Hurricane Tracker with NHC DataΒΆ

By: Aodhan Sweeney

This program is a recreation of the 2014 hur_tracker.py originally written by Unidata Intern Florita Rodriguez. The 2019 version comes with updated interface and functionality, as well as changing certain dependencies.

import gzip
from io import BytesIO
from io import StringIO

import cartopy.crs as ccrs
import ipywidgets as widgets
import matplotlib.pyplot as plt
import numpy as np
from pandas import DataFrame
import requests

def readUrlFile(url):
    """readUrlFile is a function created to read a .dat file from a given url
    and compile it into a list of strings with given headers."""

    headers = {'User-agent': 'Unidata Python Client Test'}
    response = requests.get(url, headers=headers)
    # Store data response in a string buffer
    string_buffer = StringIO(response.text)
    # Read from the string buffer as if it were a physical file
    data = string_buffer.getvalue()
    return data.splitlines()

def readGZFile(url):
    """readGZFile is a function which opens and reads zipped files.
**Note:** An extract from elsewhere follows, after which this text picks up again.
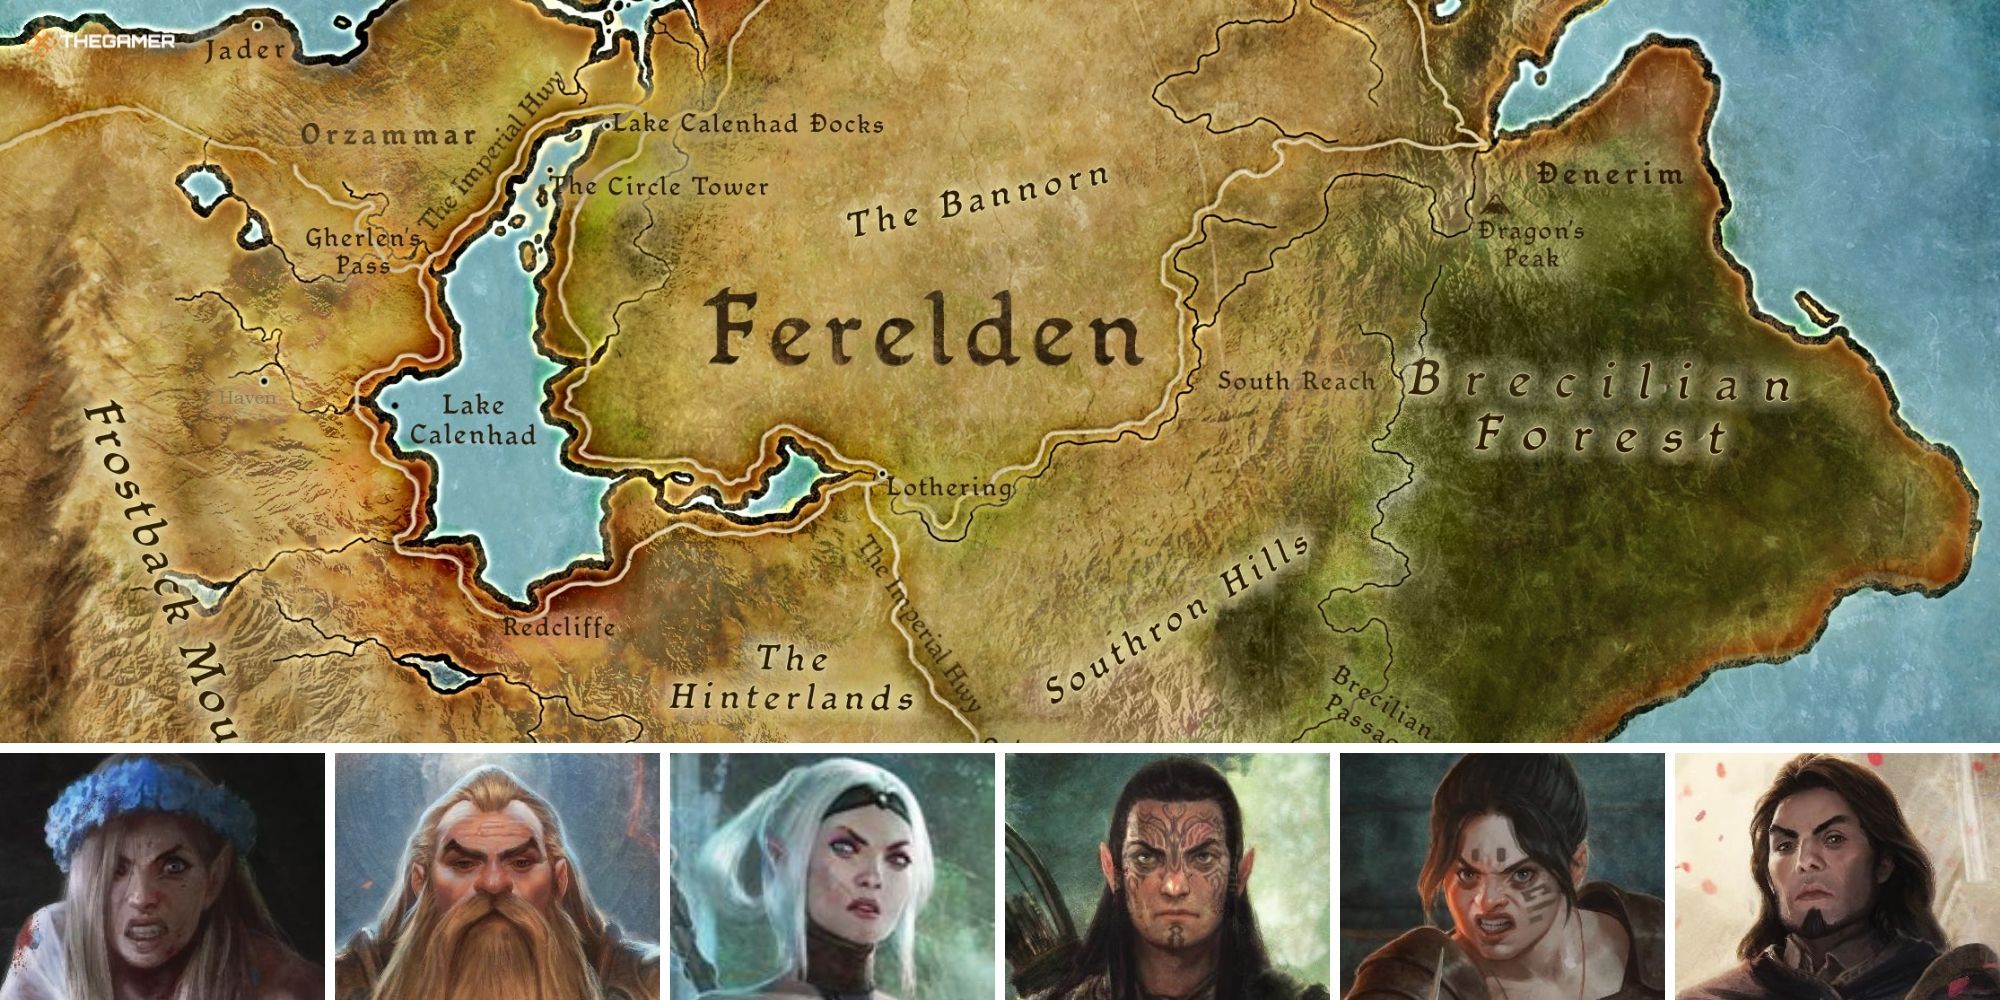 Dragon Age Origins - Map of Ferelden on top, promo art of origins along the bottom

In this case it takes in a
    .gzfile containing information on each storm and returns a byte buffer split based on
    lines."""

    headers = {'User-agent': 'Unidata Python Client Test'}
    response = requests.get(url, headers=headers)
    # Store data response in a bytes buffer
    bio_buffer = BytesIO(response.content)
    # Read from the string buffer as if it were a physical file
    gzf = gzip.GzipFile(fileobj=bio_buffer)
    data = gzf.read()
    return data.splitlines()

def split_storm_info(storm_list):
    """split_storm_info takes a list of strings and creates a pandas dataframe
    for the data set taken off the NHC archive. This function is called in the main to
    find all storms."""

    name, cycloneNum, year, stormType, basin, filename = [], [], [], [], [], []
    for line in storm_list[1:]:
        fields = line.split(',')
        name.append(fields[0].strip())
        basin.append(fields[1].strip())
        cycloneNum.append(fields[7].strip())
        year.append(fields[8].strip())
        stormType.append(fields[9].strip())
        filename.append(fields[-1].strip().lower())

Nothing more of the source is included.